--- DATA SECTION ---
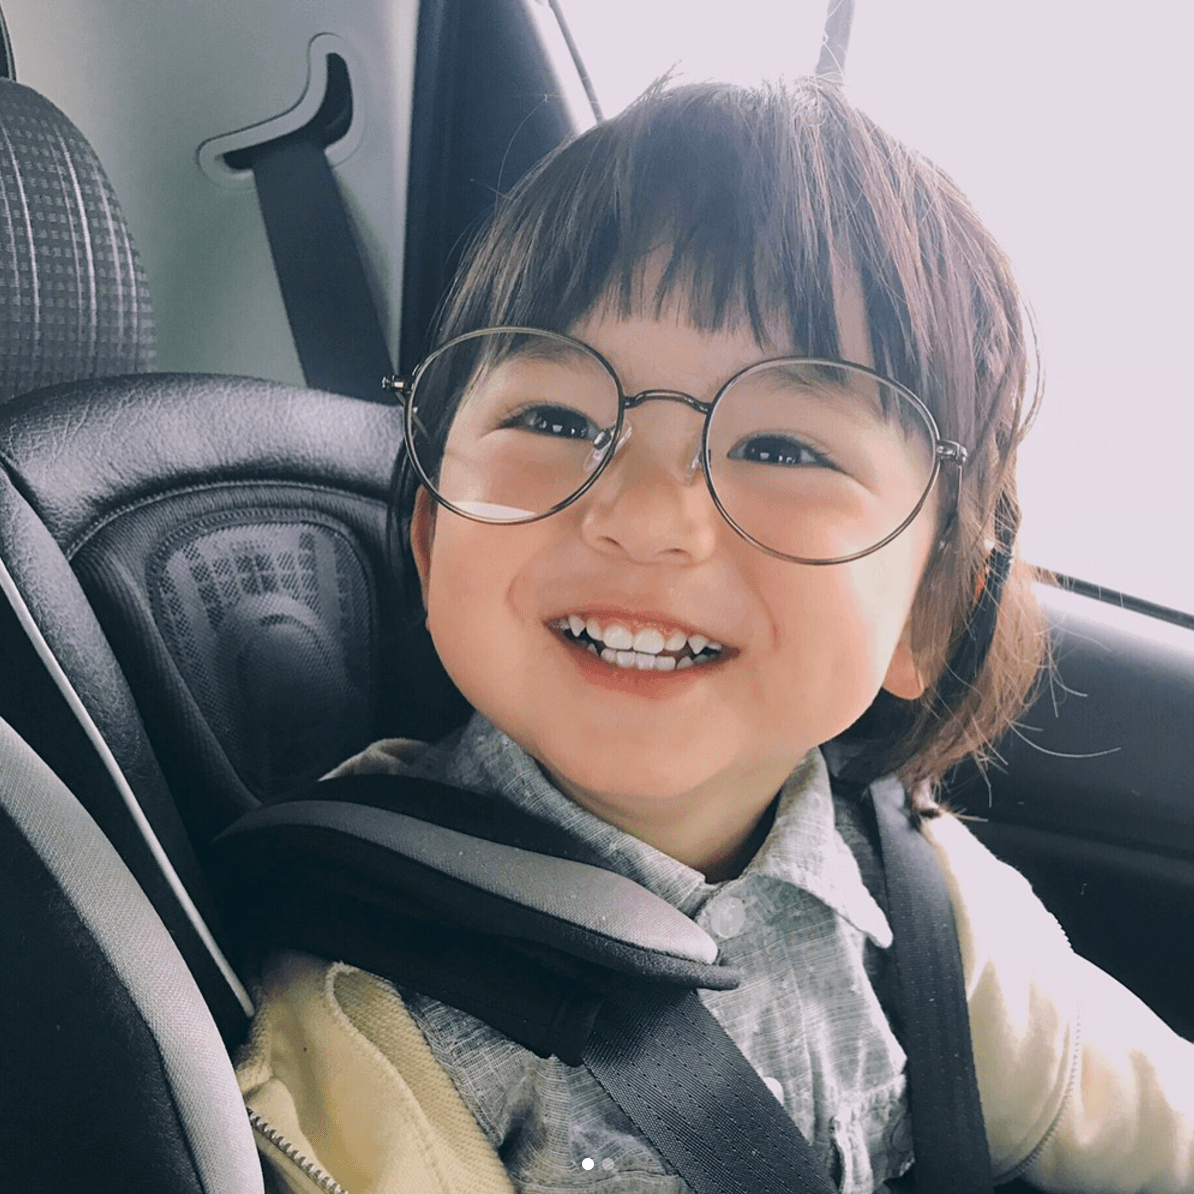 Em bé Nhật instagram này là một trong những đứa trẻ đáng yêu và thông minh nhất trên mạng xã hội Instagram. Hãy xem những bức hình của em bé này và tận hưởng một khoảnh khắc đầy tình cảm và kỷ niệm đáng nhớ.
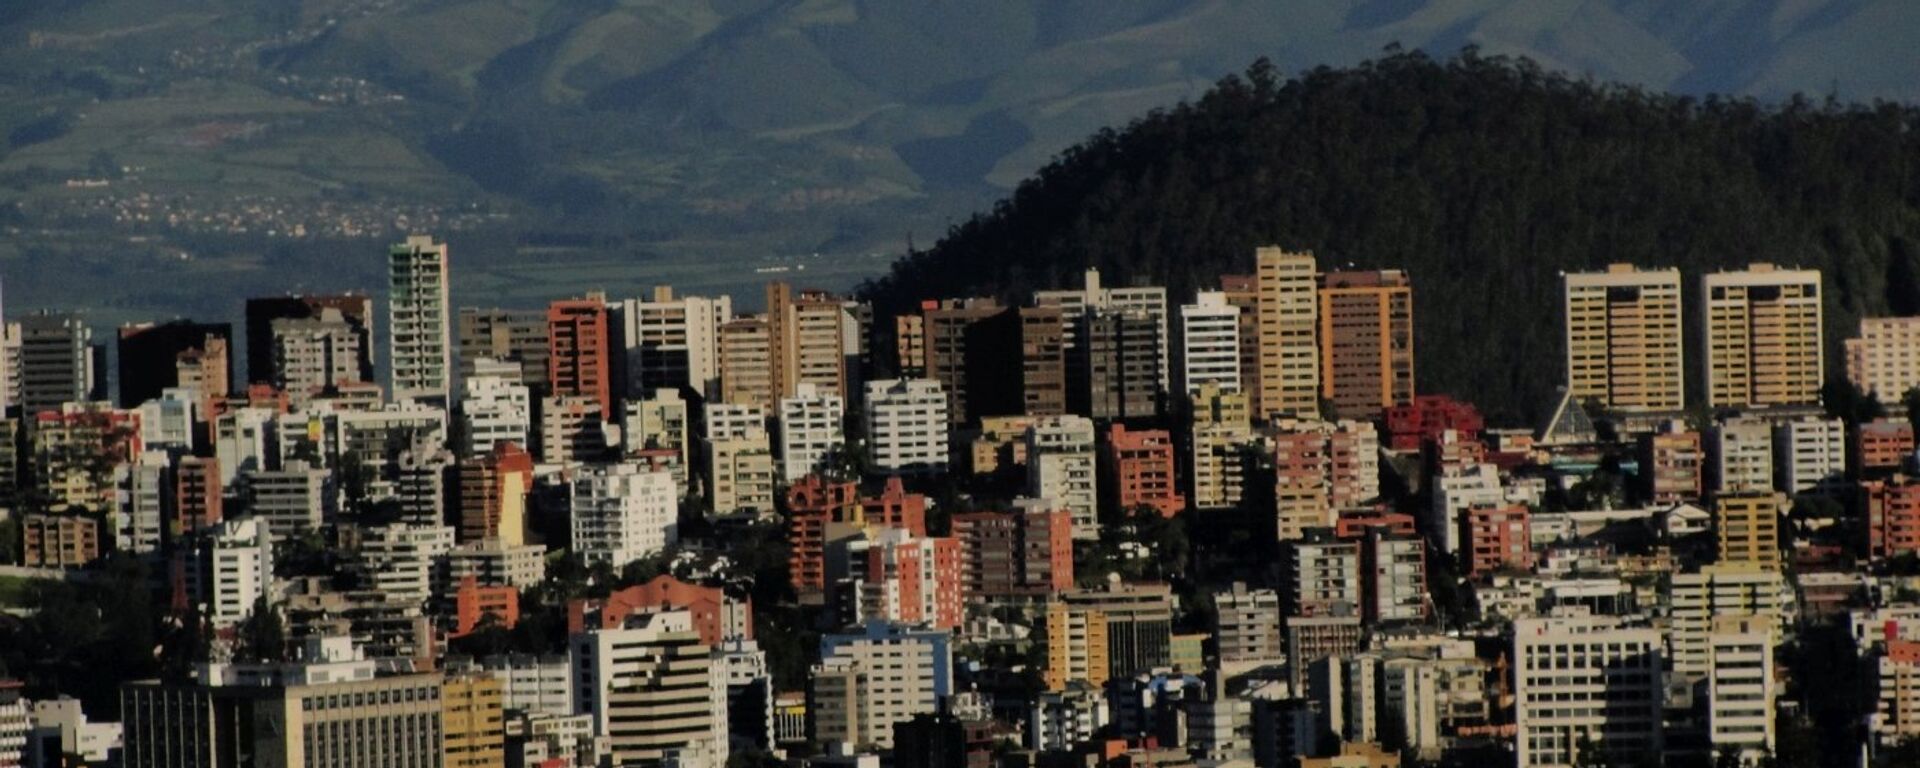 Quito, la capital de Ecuador - Sputnik Mundo, 1920, 19.03.2021
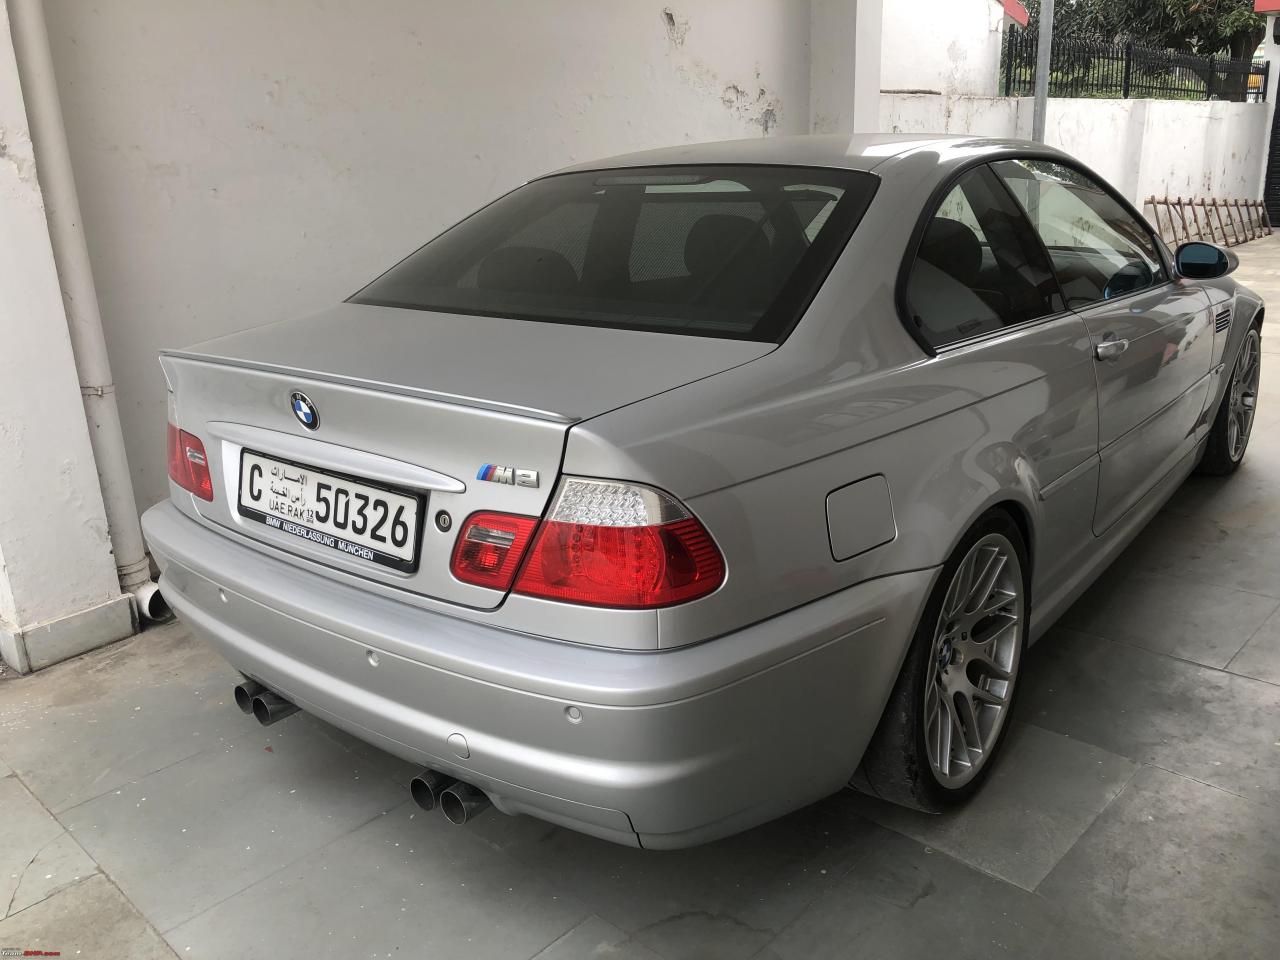 BMW E46 M3 for sale at ERclassics, e46 
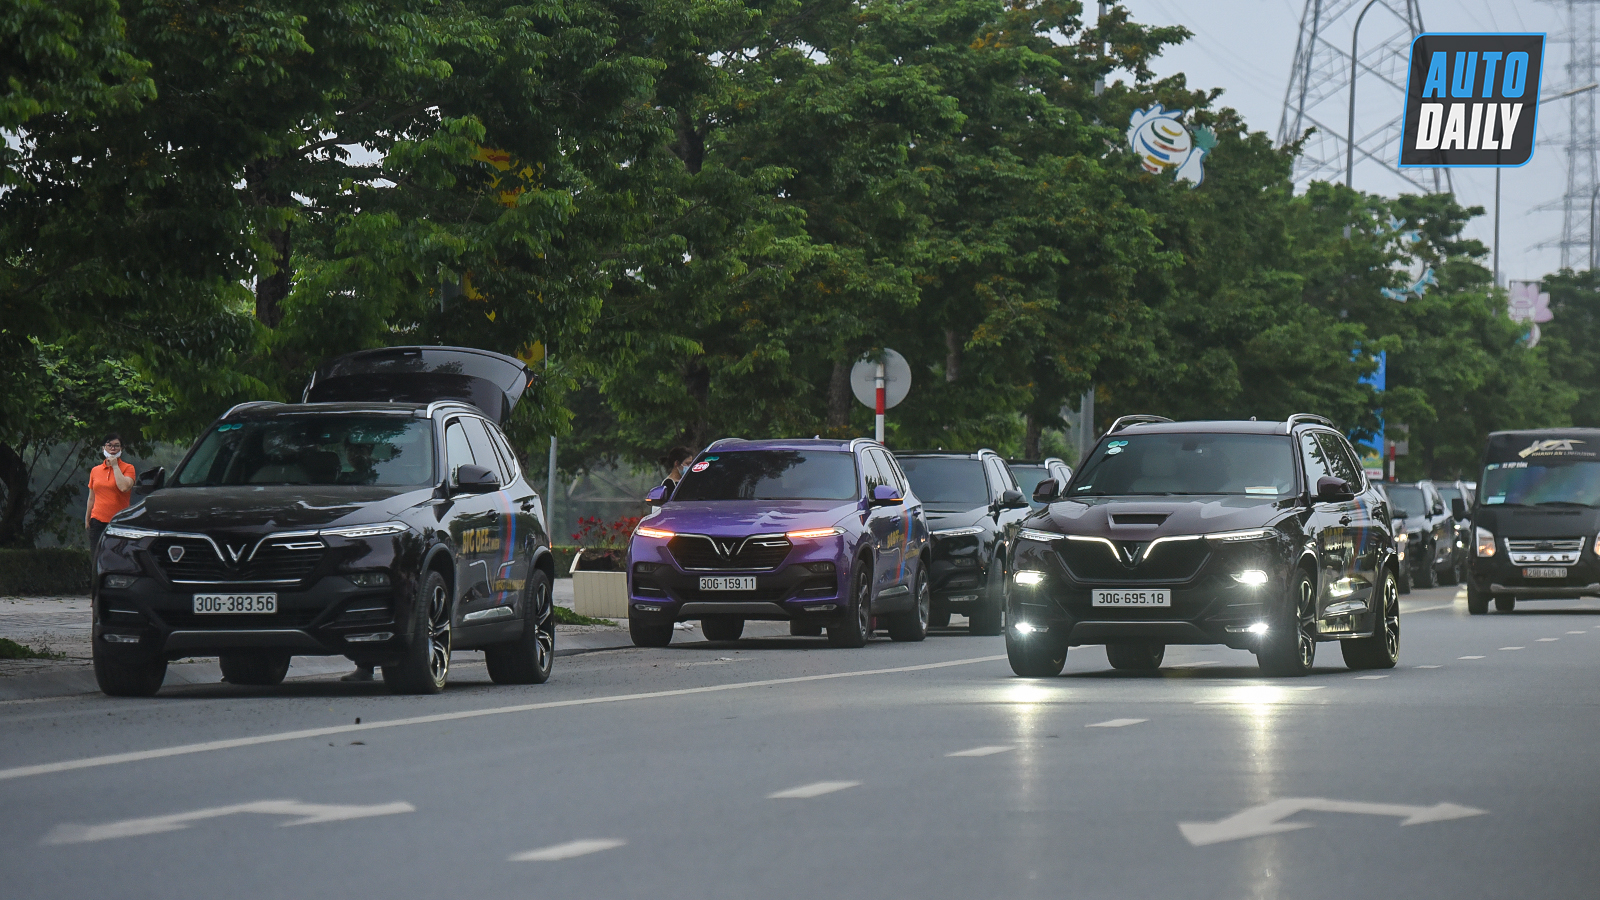 Chùm ảnh gần 60 xe VinFast Lux tại Hà Nội xuất phát Offline 3 miền tại Hội An dsc-6019-copy.jpg

--- DESCRIPTION OF THE TASK ---
Please restate, word for word, the lines from the one with "Quito, la capital" through the final line of the material, both included, and omit the pictures.

--- WRITTEN RESPONSE ---
 Quito, la capital de Ecuador - Sputnik Mundo, 1920, 19.03.2021
 BMW E46 M3 for sale at ERclassics, e46 
 Chùm ảnh gần 60 xe VinFast Lux tại Hà Nội xuất phát Offline 3 miền tại Hội An dsc-6019-copy.jpg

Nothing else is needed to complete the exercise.